A small amount of urine is needed for a urinalysis. A bladder scan can be used to check the volume of urine in the bladder. This helps to identify when catheterisation is inappropriate and avoid invasive procedures until a significant volume of urine is identified in the bladder (Pellowe and Rogers, 2007).
Non-invasive versus invasive methods
Non-invasive and invasive methods of urine collection have been compared in a study by McGillivray et al (2005). The validity of the urinalysis of specimens from a urine collection bag and a catheter were explored in a cross-sectional study of 303 non-toilet-trained children aged under three years. The children attended a children’s hospital emergency department and
had been identified as being at risk of UTI.

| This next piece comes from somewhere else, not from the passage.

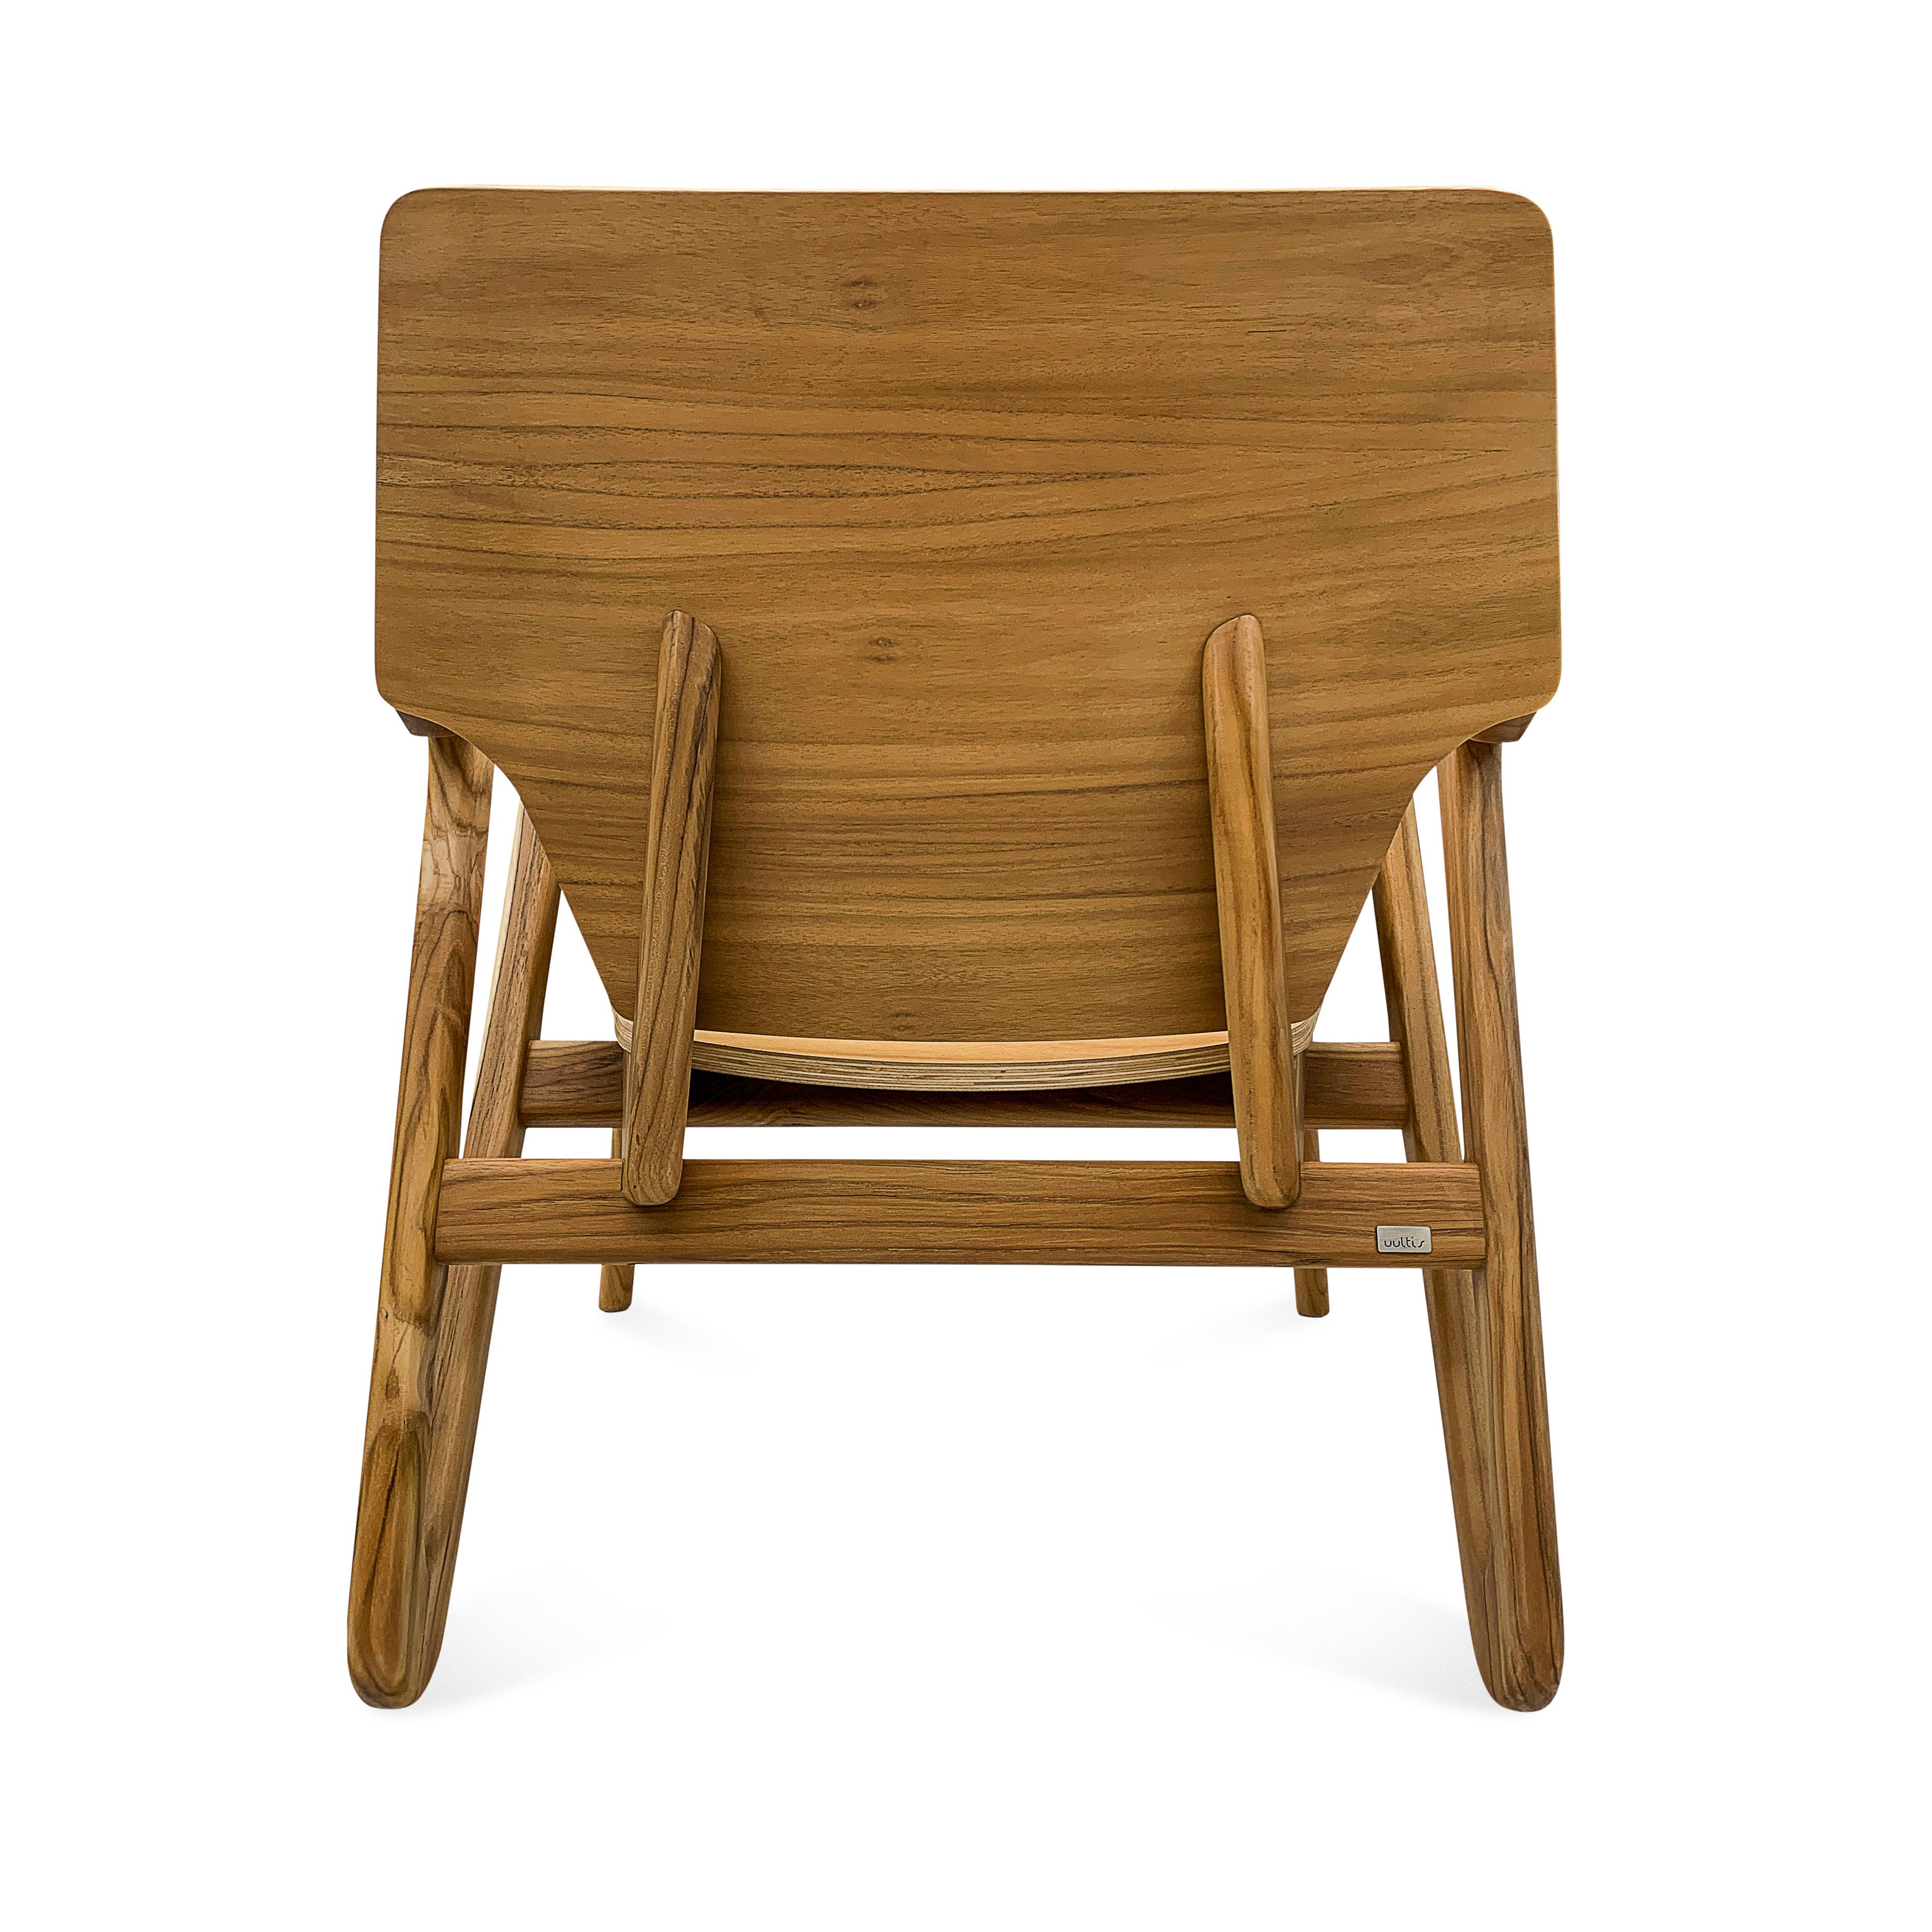 Velo Armchair with Shaped Seat and Shaped Back in Teak Wood Finish For Sale 1

Paired urine collection bag and catheter specimens were obtained from each child and were tested with a urine testing stick and sent for microscopic urinalysis. The samples obtained from the urine collection bag were found to be more sensitive to the dipstick test than catheter samples.
Lau et al (2007) compared catheter samples to clean catch and suggested the rate of false positive results was less in the catheterised population but that the false positive rate was high in both groups.
Many challenges continue to exist in relation to obtaining a urine sample from a sick child. Invasive methods need to be considered when an infant is unwell and a sample of urine is required urgently for diagnostic purposes. If the opportunity exists to wait for a clean catch, this method continues to be reported as the gold standard and appears to have a consistent level of reliability comparable to the more invasive methods of urine sampling.
Despite NICE recommendations, there appears to be some debate around the use of urine collection bags and pads, particularly in infants over the age of three months and non-toilet-trained children.
Large multi-centre trials will help to identify the best method but in the meantime we have to work within the evidence available. It is important that local policies and guidelines are taken into account when decisions are made.